Unnamed: 0,bin_name,completeness,contamination,strain_heterogeneity,length,N50
15424,VZR2LZ_vamb.278282.fa,67.24,0.0,0.0,899993,41034
15425,VZSPJW_maxbin.036.fa,93.97,47.08,26.23,3167676,2880
15426,VZTMOW_vamb.137436.fa,15.52,0.0,0.0,65154,65154
15427,VZTMOW_vamb.164616.fa,67.63,0.0,0.0,1364300,30903
15428,VZWEWM_maxbin.048.fa,33.62,0.47,0.0,2294493,5647


In [3]:
## Step 1. Add info about cluster
cluster = pd.read_csv('input/LQ_Cdb.csv')
# rename column genome
cluster = cluster.rename(columns={'genome': 'bin_name'})
# keep only bin name and cluster columns
cluster = cluster[['bin_name', 'secondary_cluster']]
cluster = cluster.rename(columns={'secondary_cluster': 'cluster'})
# merge cluster info with genome info
mrg_st1 = pd.merge(genomeInformation, cluster, on='bin_name', how='outer')
# fill NaN values with value
mrg_st1 = mrg_st1.fillna('undefined')
# add prefix to cluster name if it is not undefined
mrg_st1['cluster'] = 'LQ-'+mrg_st1['cluster'].astype(str)
mrg_st1['cluster'] = mrg_st1['cluster'].replace('LQ-undefined', 'undefined')

mrg_st1.tail()

Unnamed: 0,bin_name,completeness,contamination,strain_heterogeneity,length,N50,cluster
15424,VZR2LZ_vamb.278282.fa,67.24,0.0,0.0,899993,41034,LQ-225_1.2.5.6
15425,VZSPJW_maxbin.036.fa,93.97,47.08,26.23,3167676,2880,LQ-326_1
15426,VZTMOW_vamb.137436.fa,15.52,0.0,0.0,65154,65154,undefined
15427,VZTMOW_vamb.164616.fa,67.63,0.0,0.0,1364300,30903,LQ-738_1.2.3.4.5.9
15428,VZWEWM_maxbin.048.fa,33.62,0.47,0.0,2294493,5647,undefined


In [4]:
## Step 2. Add info about representative genomes
representative = pd.read_csv('input/2023_Pantiukh_EstMB_MAGsDB_LQcl.csv')
# define cluster name for each representative MAGs 
mrg = pd.merge(representative, mrg_st1, left_on='rep_MAG_name', right_on='bin_name', how='inner')
mrg = mrg[['rep_MAG_name', 'cluster']]
# add line to mrg
mrg.loc[len(mrg)] = ['undefined', 'undefined']
# add ino about rep_MAG to mrg1
mrg_st2 = pd.merge(mrg_st1, mrg, on='cluster', how='outer')

mrg_st2.tail()

Unnamed: 0,bin_name,completeness,contamination,strain_heterogeneity,length,N50,cluster,rep_MAG_name
15424,VY25ST_vamb.218068.fa,68.97,25.86,100.0,2406469,5865,LQ-457_24,VY25ST_vamb.218068.fa
15425,VY36ZZ_metabat.1.fa,86.8,26.88,44.0,3157159,5203,LQ-265_1,VY36ZZ_metabat.1.fa
15426,VYHIBD_maxbin.133.fa,72.65,41.38,34.29,2934952,10499,LQ-793_2,VYHIBD_maxbin.133.fa
15427,VYWBYK_metabat.123.fa,65.52,0.0,0.0,1468926,120694,LQ-696_1,VYWBYK_metabat.123.fa
15428,VZGZLV_maxbin.027.fa,100.0,49.29,74.0,3007490,1894,LQ-457_3,VZGZLV_maxbin.027.fa


In [5]:
## Step 3. Add info about taxonomy

# READ bacteria taxonomy
gt = pd.read_csv('input/LQ_gtdbtk.bac120.summary.tsv', sep='\t')
gt = gt[['user_genome','classification','fastani_ani','closest_placement_reference','closest_placement_ani']]

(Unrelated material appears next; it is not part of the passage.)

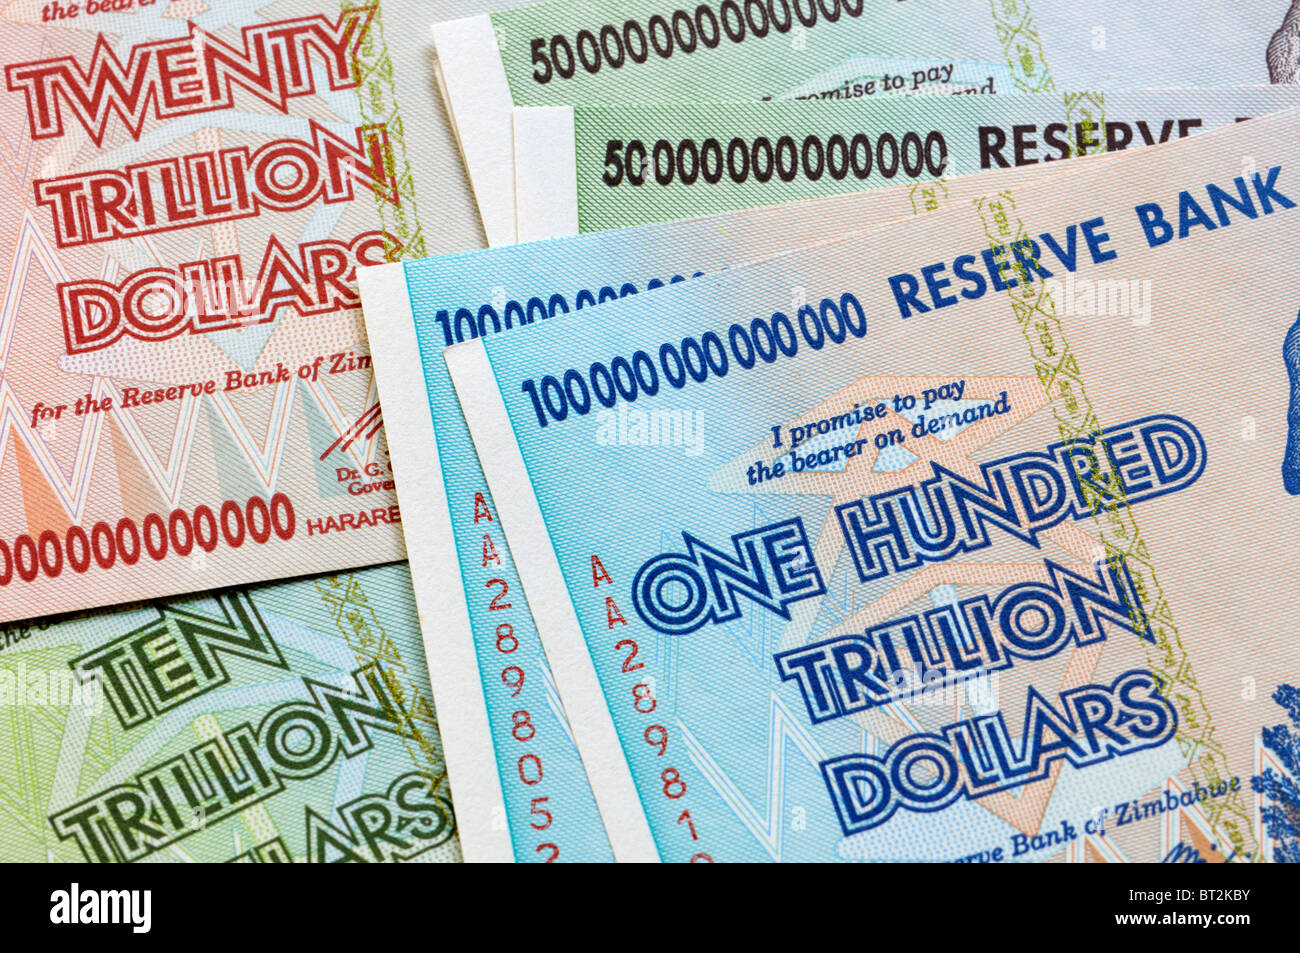 Zimbabwean hyperinflationary banknotes of 10 to 100 Trillion Dollars from 2008 Stock Photo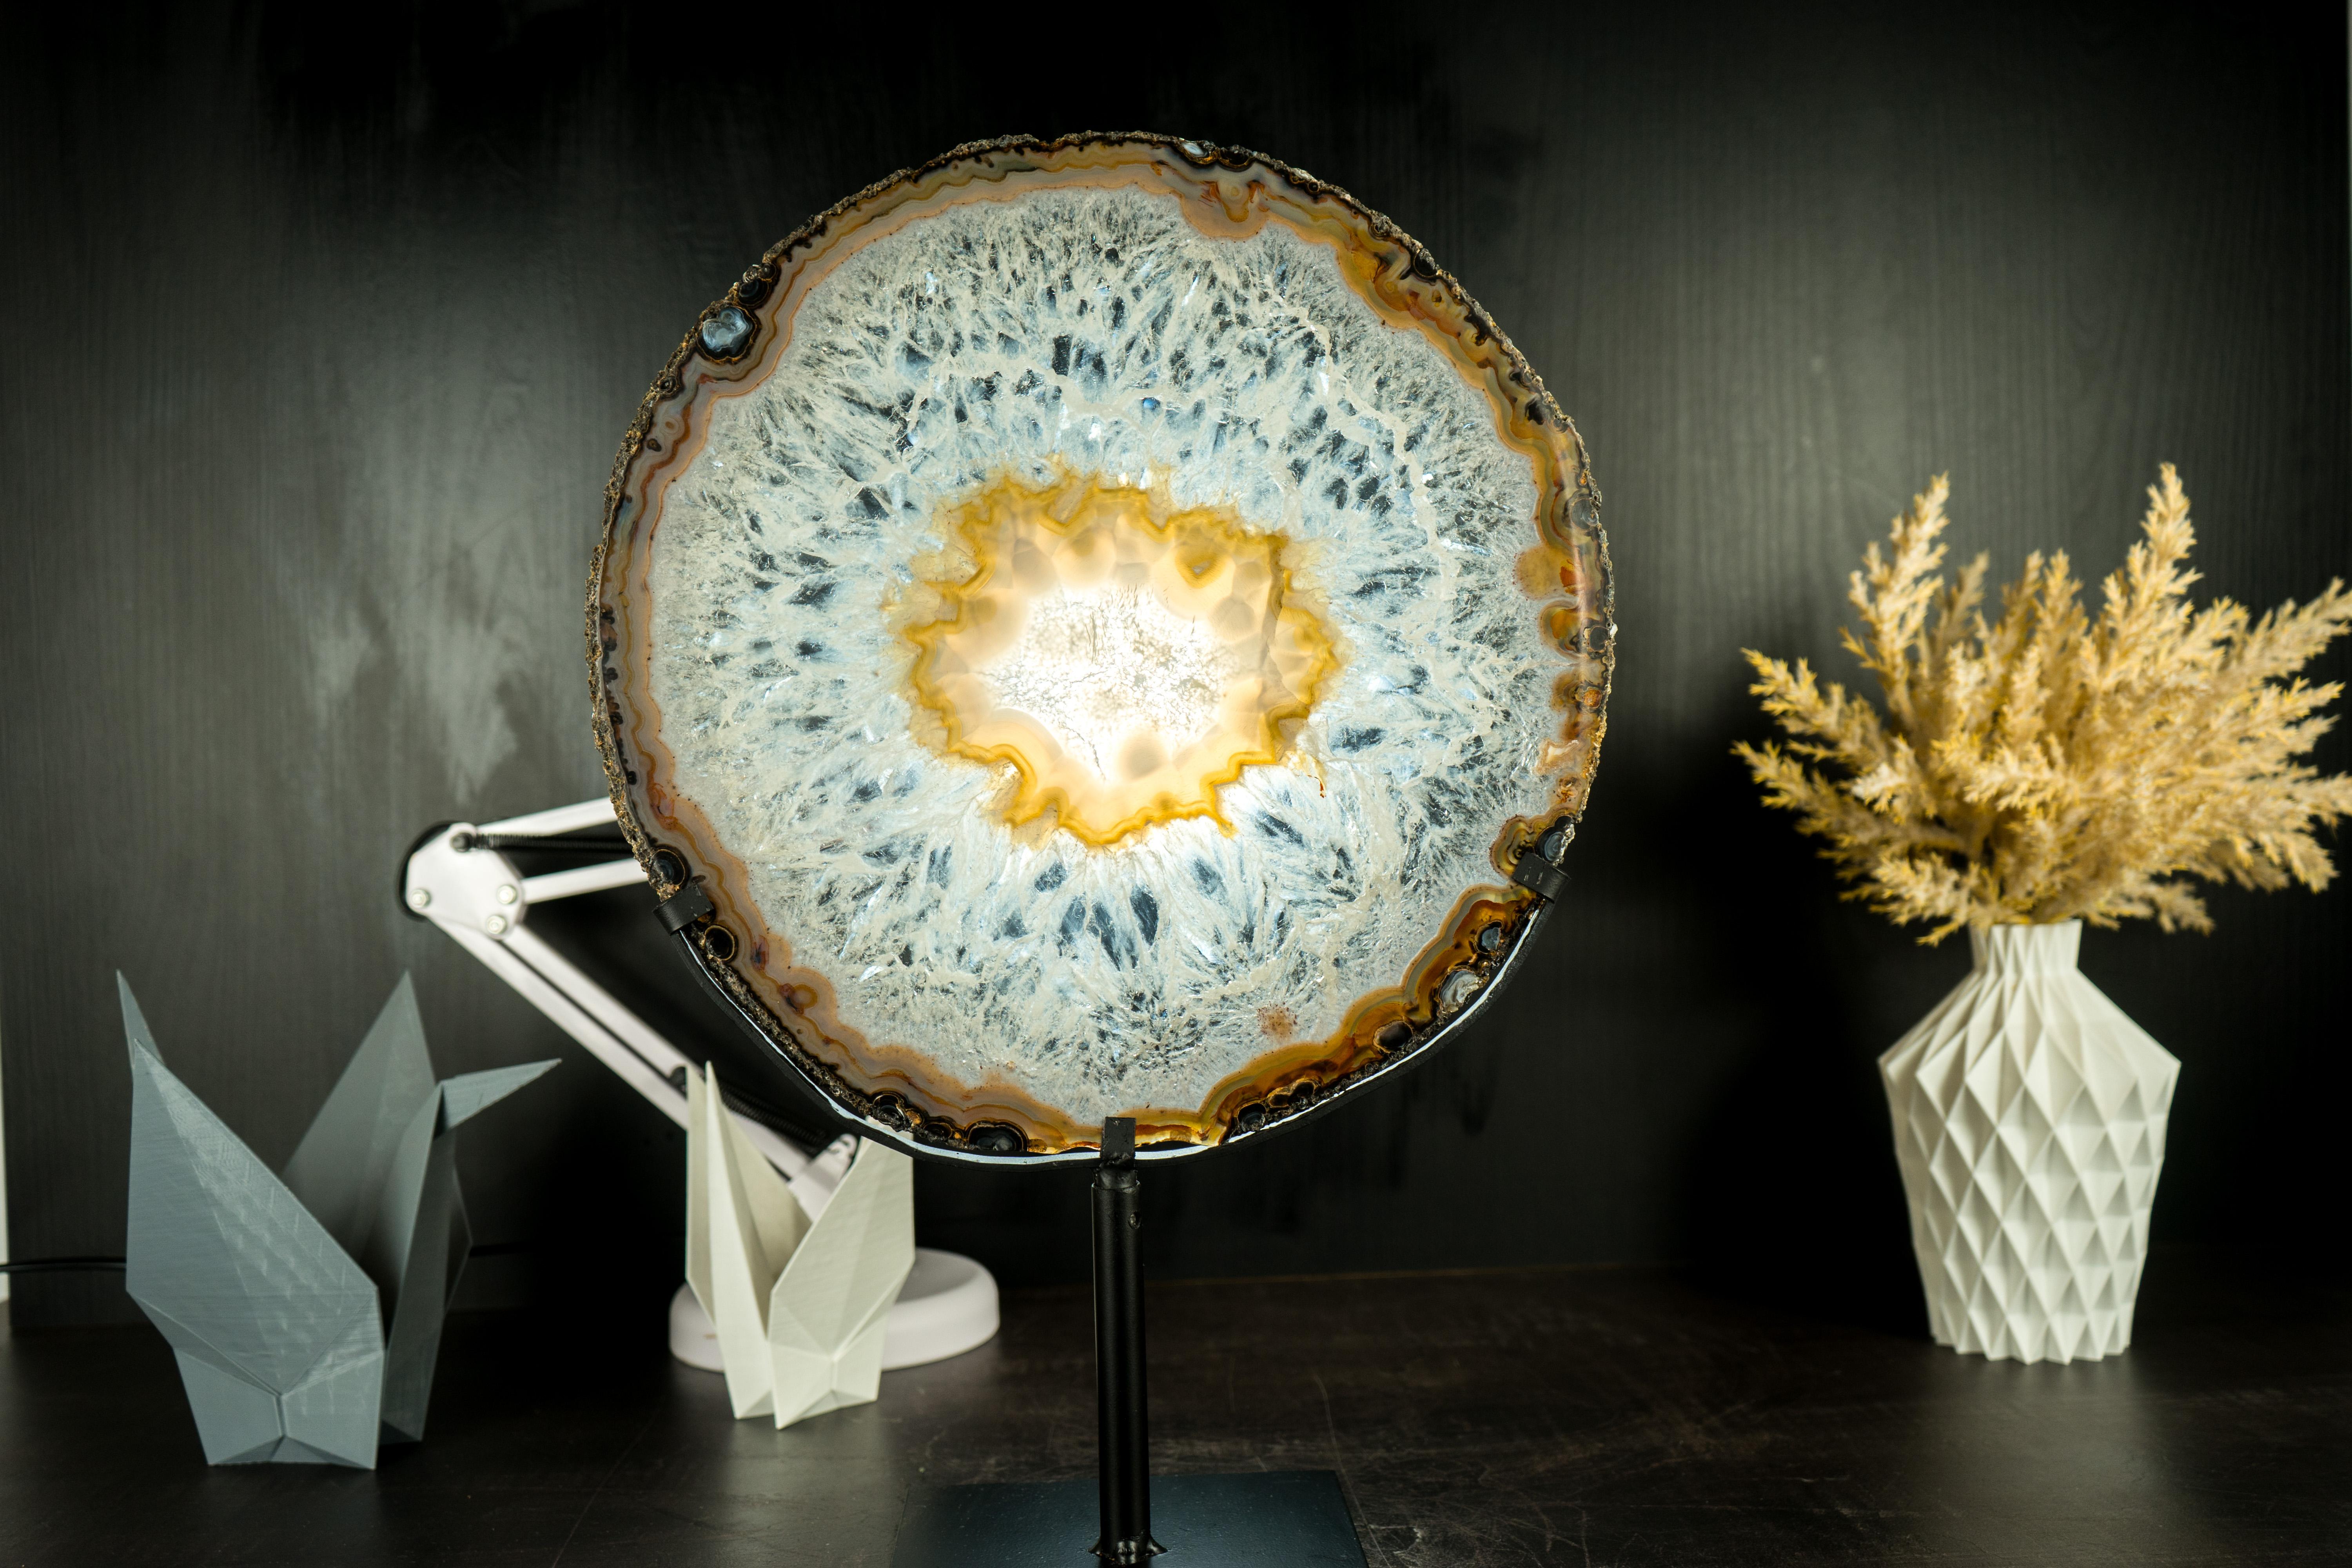 Gallery Grade Large Lace Agate Slice, with Ice-Like Crystal and Colorful Agate 1

gt['domain'] = gt['classification'].str.split(';', expand=True)[0].str.replace(r'd__', '')
gt['phylum'] = gt['classification'].str.split(';', expand=True)[1].str.replace(r'p__', '')
gt['class'] = gt['classification'].str.split(';', expand=True)[2].str.replace(r'c__', '')
gt['order'] = gt['classification'].str.split(';', expand=True)[3].str.replace(r'o__', '')
gt['family'] = gt['classification'].str.split(';', expand=True)[4].str.replace(r'f__', '')
gt['genus'] = gt['classification'].str.split(';', expand=True)[5].str.replace(r'g__', '')
gt['sp'] = gt['classification'].str.split(';', expand=True)[6].str.replace(r's__', '')
gt = gt.drop('classification', axis=1)

# rename column genome
gt = gt.rename(columns={'user_genome': 'rep_MAG_name'})
# skip columns 
gt = gt[['rep_MAG_name', 'domain', 'phylum', 'class', 'order', 'family', 'genus', 'sp']]
# fill NaN empty values with value
gt['sp'] = gt['sp'].replace('', 'undefined')
gt['genus'] = gt['genus'].replace('', 'undefined')
gt['family'] = gt['family'].replace('', 'undefined')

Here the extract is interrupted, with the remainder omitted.